- DATASET ENTRIES

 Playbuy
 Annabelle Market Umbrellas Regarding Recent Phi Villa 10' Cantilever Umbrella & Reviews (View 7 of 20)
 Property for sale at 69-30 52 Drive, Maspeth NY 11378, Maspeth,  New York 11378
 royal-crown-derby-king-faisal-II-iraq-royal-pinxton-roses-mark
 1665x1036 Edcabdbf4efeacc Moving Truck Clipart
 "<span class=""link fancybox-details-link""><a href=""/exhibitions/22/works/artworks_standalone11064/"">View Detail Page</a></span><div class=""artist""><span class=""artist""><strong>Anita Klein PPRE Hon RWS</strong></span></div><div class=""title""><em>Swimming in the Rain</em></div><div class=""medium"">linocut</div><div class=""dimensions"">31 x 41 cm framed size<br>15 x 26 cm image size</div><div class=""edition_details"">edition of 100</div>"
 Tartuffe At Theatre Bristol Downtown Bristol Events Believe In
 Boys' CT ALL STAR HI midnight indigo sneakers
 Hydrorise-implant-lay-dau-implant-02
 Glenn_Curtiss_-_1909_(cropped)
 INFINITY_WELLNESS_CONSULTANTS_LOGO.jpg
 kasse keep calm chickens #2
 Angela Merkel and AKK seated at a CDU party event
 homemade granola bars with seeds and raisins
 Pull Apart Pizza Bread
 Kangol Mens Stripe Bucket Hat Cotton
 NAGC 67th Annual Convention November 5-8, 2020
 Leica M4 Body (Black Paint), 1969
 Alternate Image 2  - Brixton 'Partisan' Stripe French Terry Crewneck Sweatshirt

- EXERCISE PROMPT
Once you find the line containing "Klein PPRE Hon", stop: reproduce exactly that line and every line of the data before it, and nothing else.

- TASK ANSWER
 Playbuy
 Annabelle Market Umbrellas Regarding Recent Phi Villa 10' Cantilever Umbrella & Reviews (View 7 of 20)
 Property for sale at 69-30 52 Drive, Maspeth NY 11378, Maspeth,  New York 11378
 royal-crown-derby-king-faisal-II-iraq-royal-pinxton-roses-mark
 1665x1036 Edcabdbf4efeacc Moving Truck Clipart
 "<span class=""link fancybox-details-link""><a href=""/exhibitions/22/works/artworks_standalone11064/"">View Detail Page</a></span><div class=""artist""><span class=""artist""><strong>Anita Klein PPRE Hon RWS</strong></span></div><div class=""title""><em>Swimming in the Rain</em></div><div class=""medium"">linocut</div><div class=""dimensions"">31 x 41 cm framed size<br>15 x 26 cm image size</div><div class=""edition_details"">edition of 100</div>"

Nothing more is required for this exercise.